[Stored data Boundary: Start]

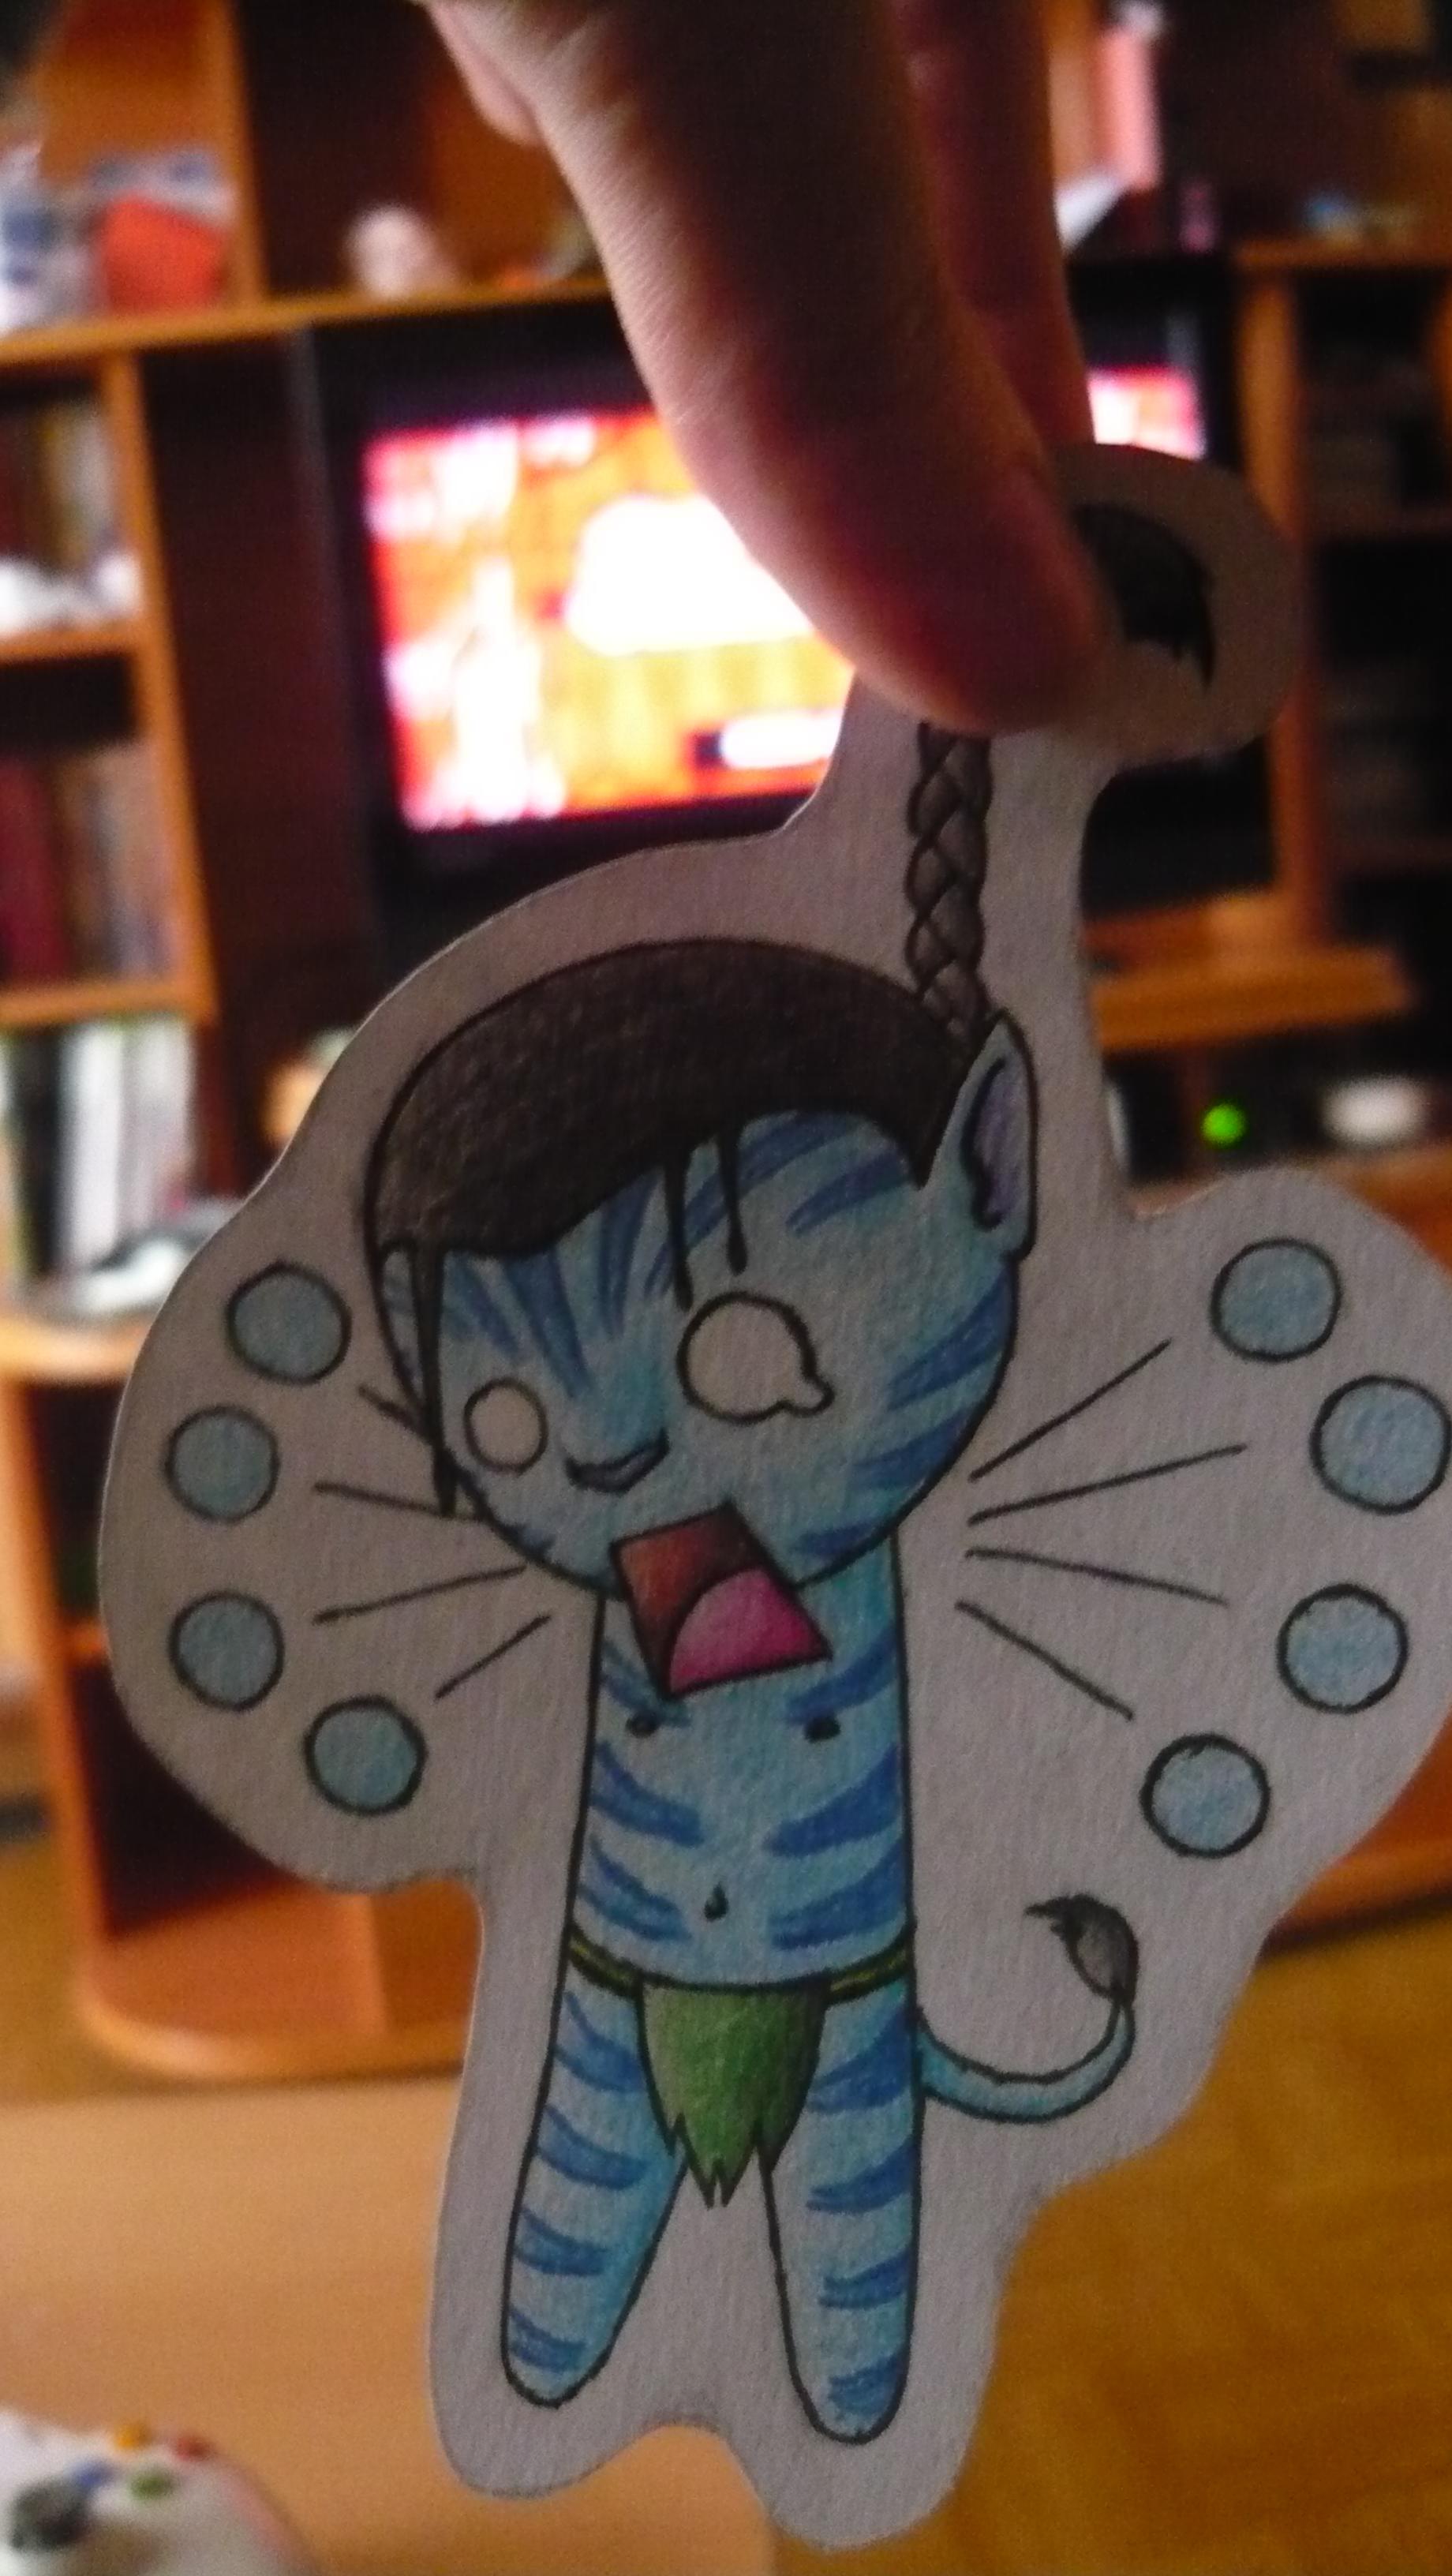 Jake Sully Paper Child by Kisviki96
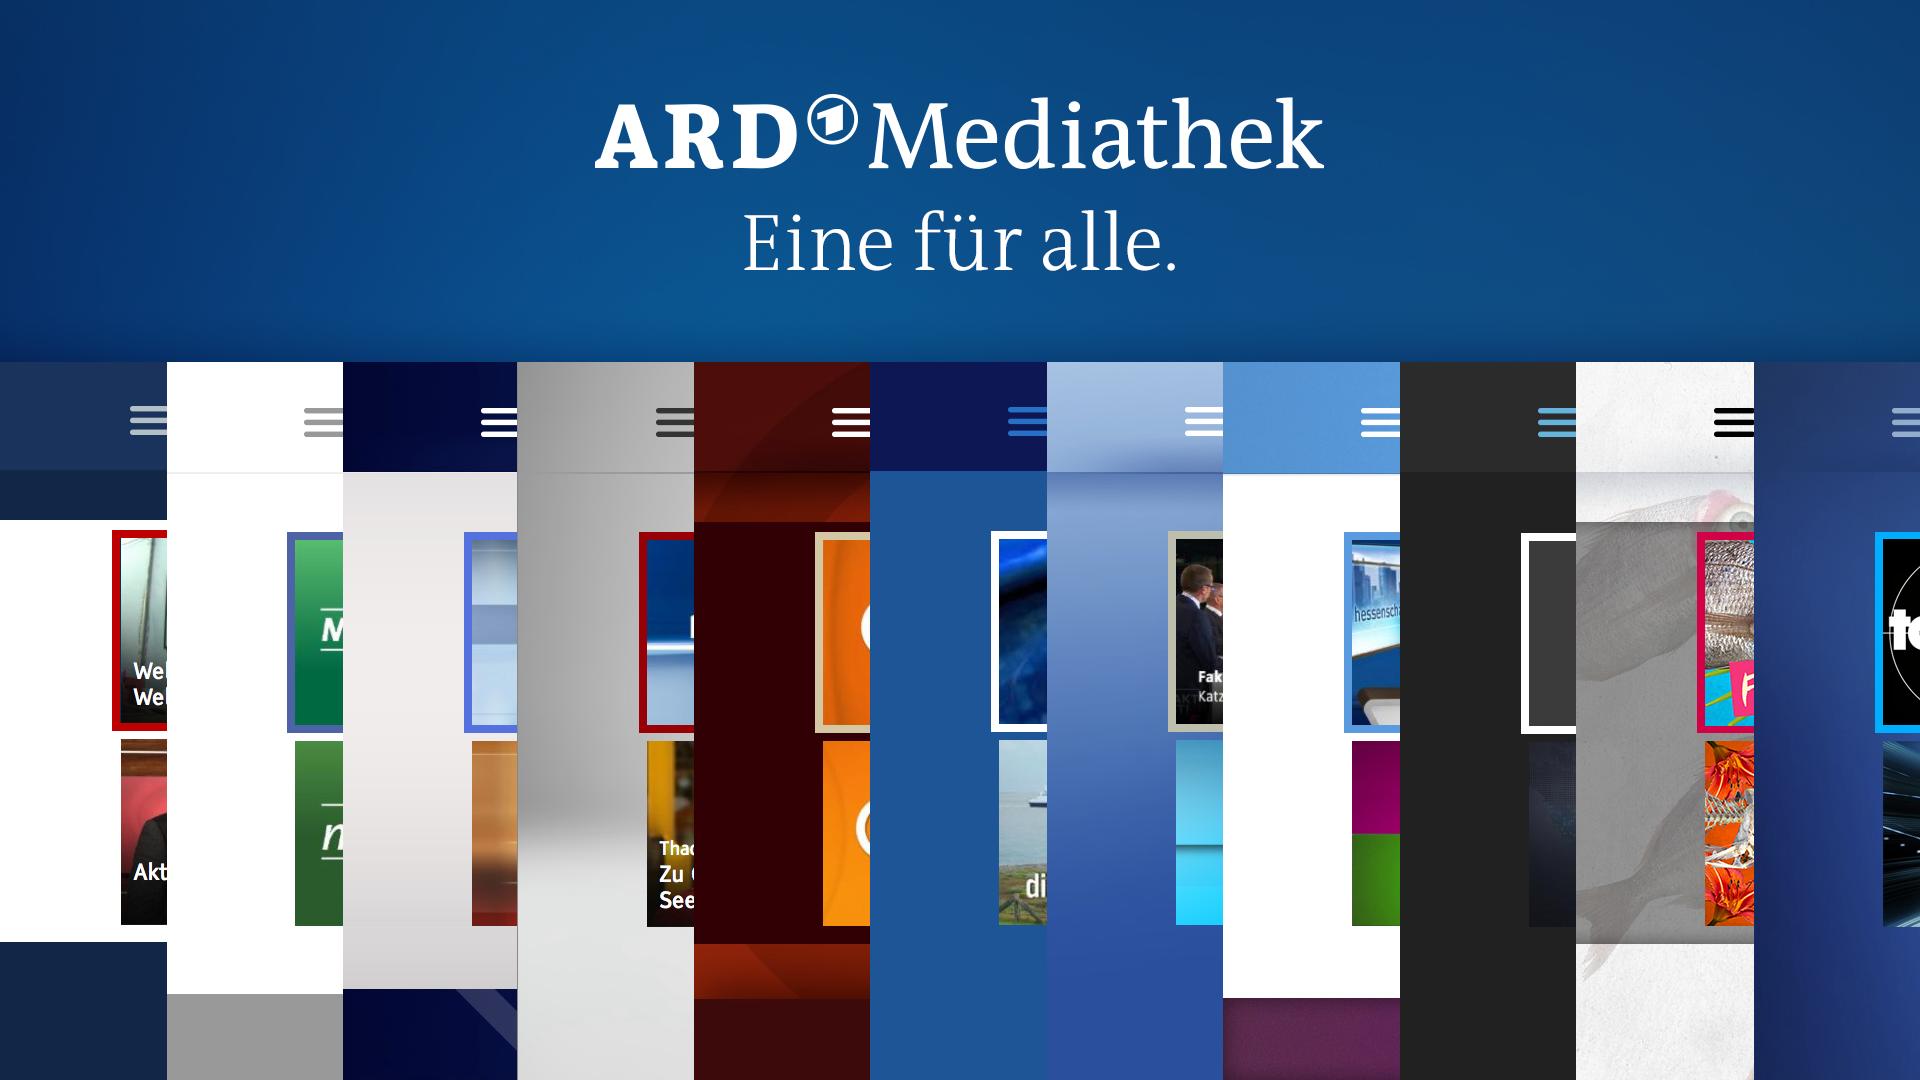 ard mediathek video download online
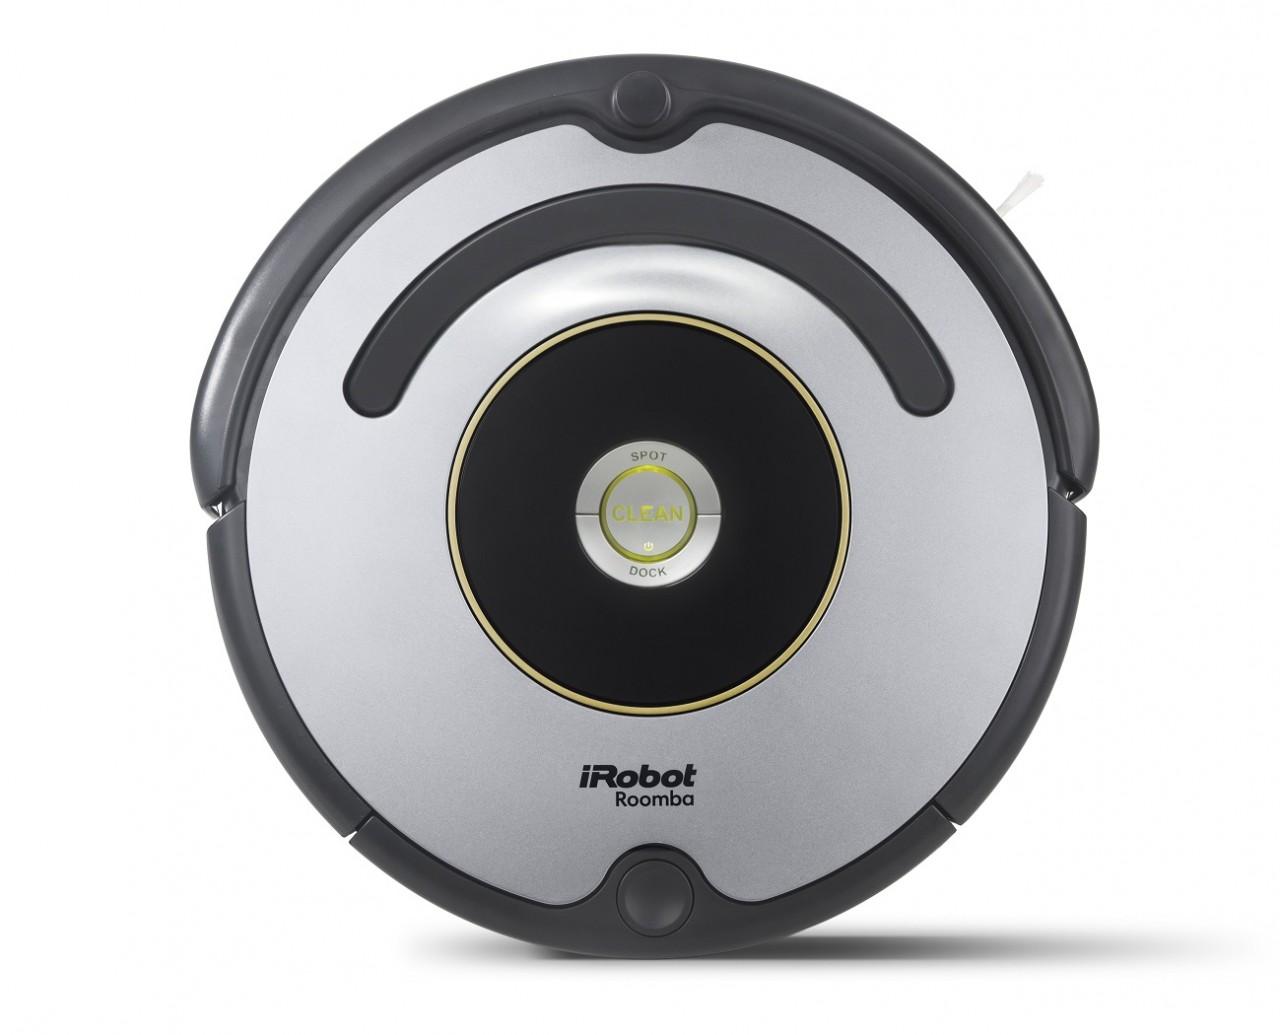 iRobot_Roomba 616
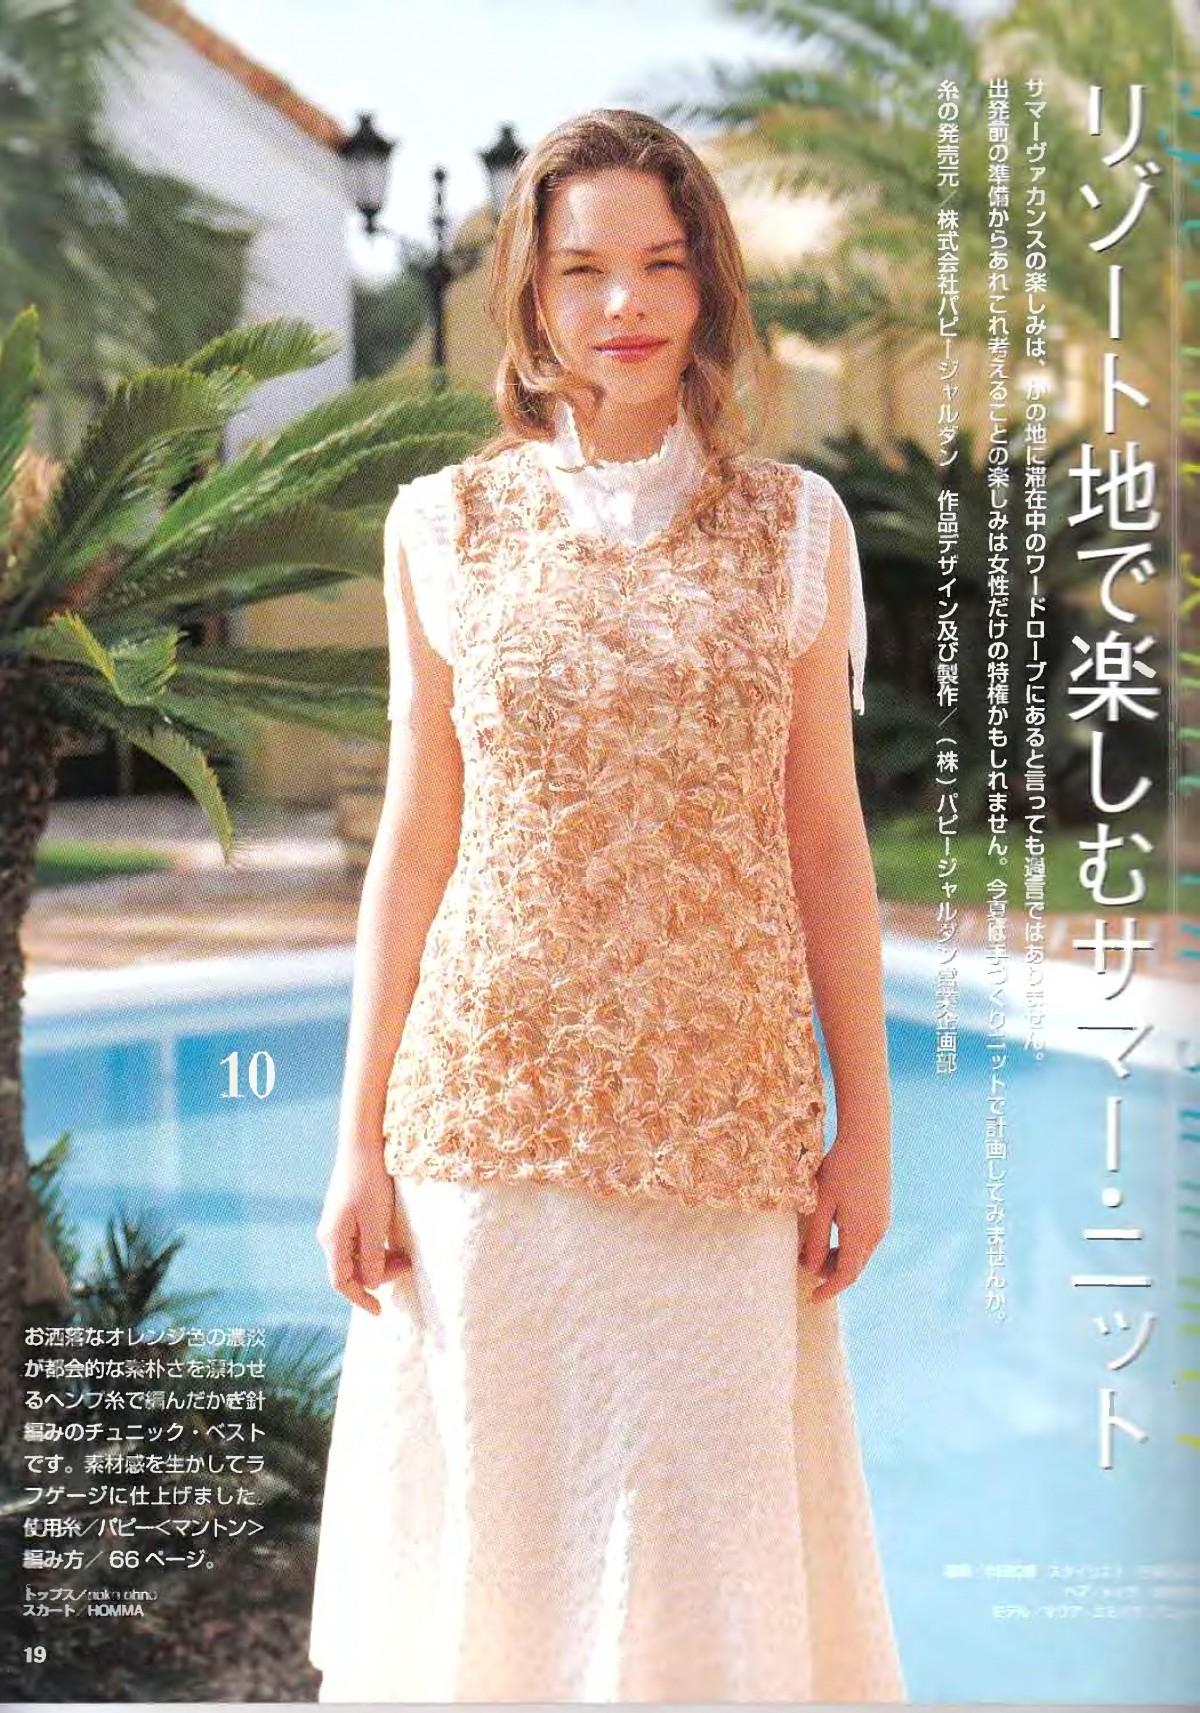 Lets-knit-series-NV4359-2008-Spring-Summer-sp-kr_17.jpg

[Stored data Boundary: End]

For this copy, leave pictures out and reproduce the lines from the one bearing "ard mediathek video download online" through the final line of the listing above, both ends included.

*Written answer:*
 ard mediathek video download online
 iRobot_Roomba 616
 Lets-knit-series-NV4359-2008-Spring-Summer-sp-kr_17.jpg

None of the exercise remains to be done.